The boy was intensely excited. "If my father lives in the country," he said slowly, "I can have Prince Fetlar with me all the time," and he threw his arm over my neck. "Also I can have a cow and hens and a dog or two. Oh! what a beautiful blow! Is that what is to shock me into telling the truth?"
"No, my boy—it is something about your mother."
"My mother, my mother," repeated the boy passionately. "Oh! if she had only lived. What could we not have done, my father and I?"
"Did you ever hear of departed ones coming back to earth?" asked Mr. Devering softly.
My young master wrinkled his eyebrows. "Sometimes," he said; "sometimes, Uncle, I think I see misty shapes in the clouds or in moonlight. It pleases me. I am not afraid. I have even imagined a lady in a long flowing cloak. Something stretches out like arms. I think it is my mother. Then I dream of her, always so pleasantly—Oh! how can boys ever be cross to their mothers?"
"My lad," said his uncle dreamily, "if you think of your mother in that way she is not dead. She may come back to you."
"What do you mean?" asked the boy in a puzzled voice.

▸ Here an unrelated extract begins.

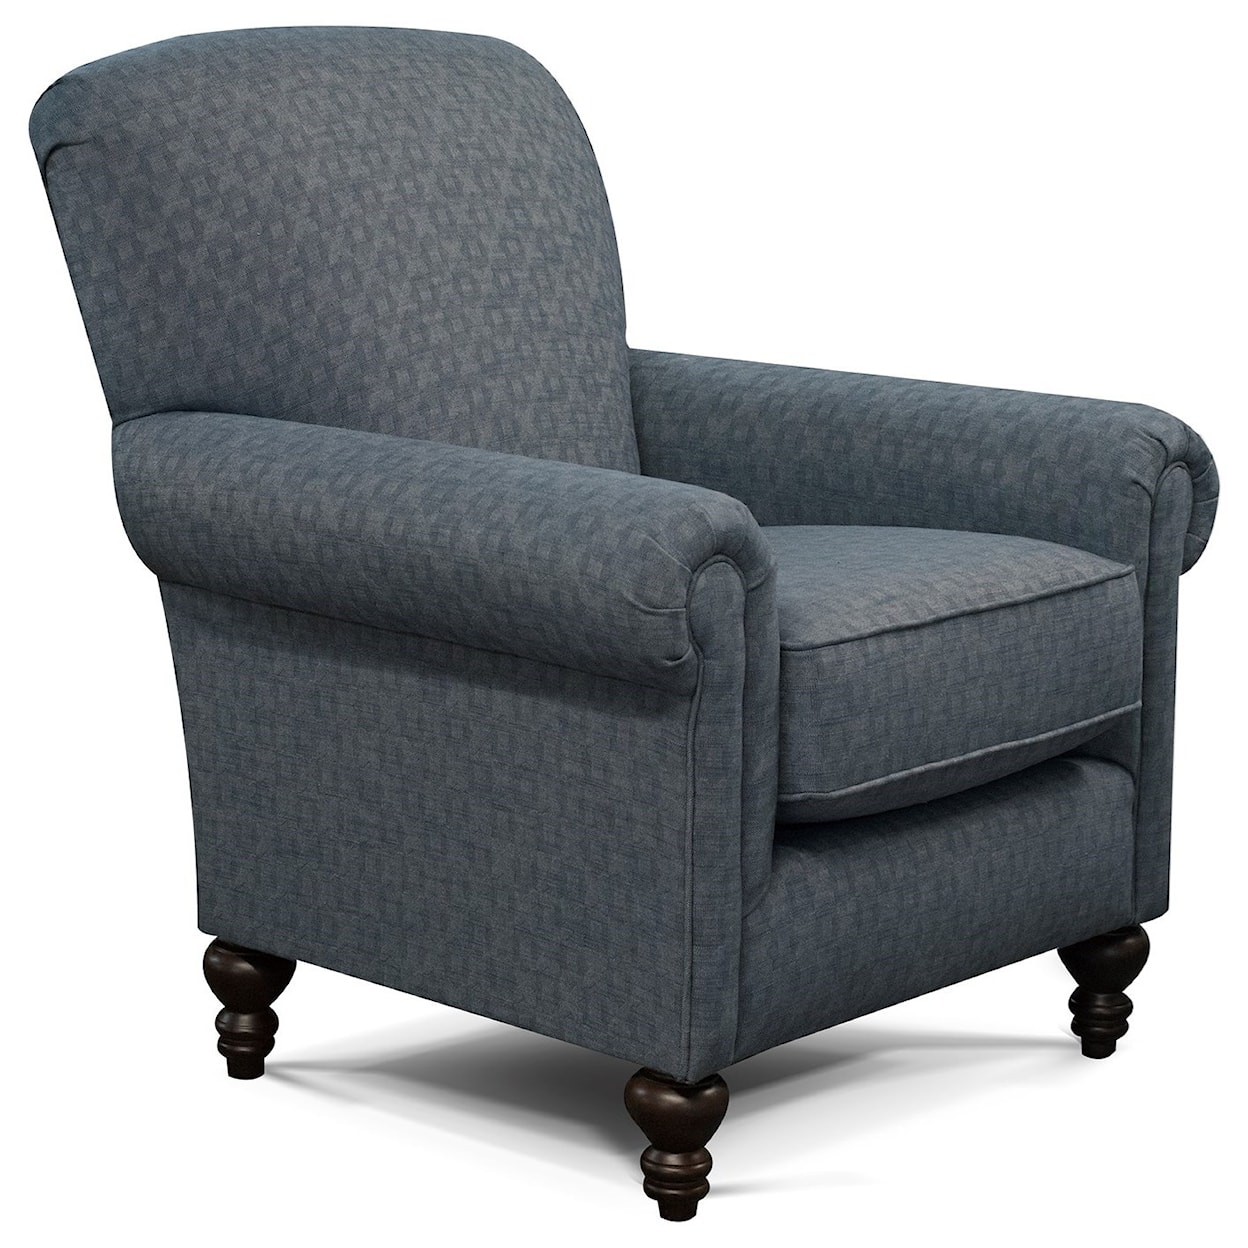 Tennessee Custom Upholstery 630 Series Upholstered Chair

"A great man has said that when we speak or think of our dead they live again. I believe that you will see your mother some day."
"What is it you are trying to tell me?" asked the boy.
"Will you haunt these beloved woods between here and the Mountain?" asked Mr. Devering mysteriously. "Will you and Prince Fetlar haunt them, and at the end of a week tell me what you see? Say nothing to any other person. You must come alone. You will not be afraid?"
"Afraid, no," said the boy almost with scorn. "All that is past, but what shall I see and hear? Oh! tell me."
"I can tell you no more save this," said Mr. Devering, shaking his head. "You must not soil your lips by falsehood. Your mother told stories when a child. Later on with all her faults she grew to hate a lie. If you are ever to be happy in her presence you must speak the truth and nothing but the truth, and you must not dream, although you will be on a dream quest. Do you understand that, my boy?"
"If I can see my mother," said my young master earnestly, "I shall never tell a lie again. It would be too ungrateful. I am in earnest this time. I swear it."
Mr. Devering was satisfied now and his face glowed as he looked at the boy.
Then taking him by the arm, they both set their faces toward the sawmill in the woods.
I always liked to go there. The ripping and tearing of the wood and the strong smell of sawdust and the jolly young men, who were all trained singers brought from other places at quite an expense by Mr. Devering, made it seem like a visit to a concert hall in the woods.
We heard a sweet tenor voice ringing out as we got near.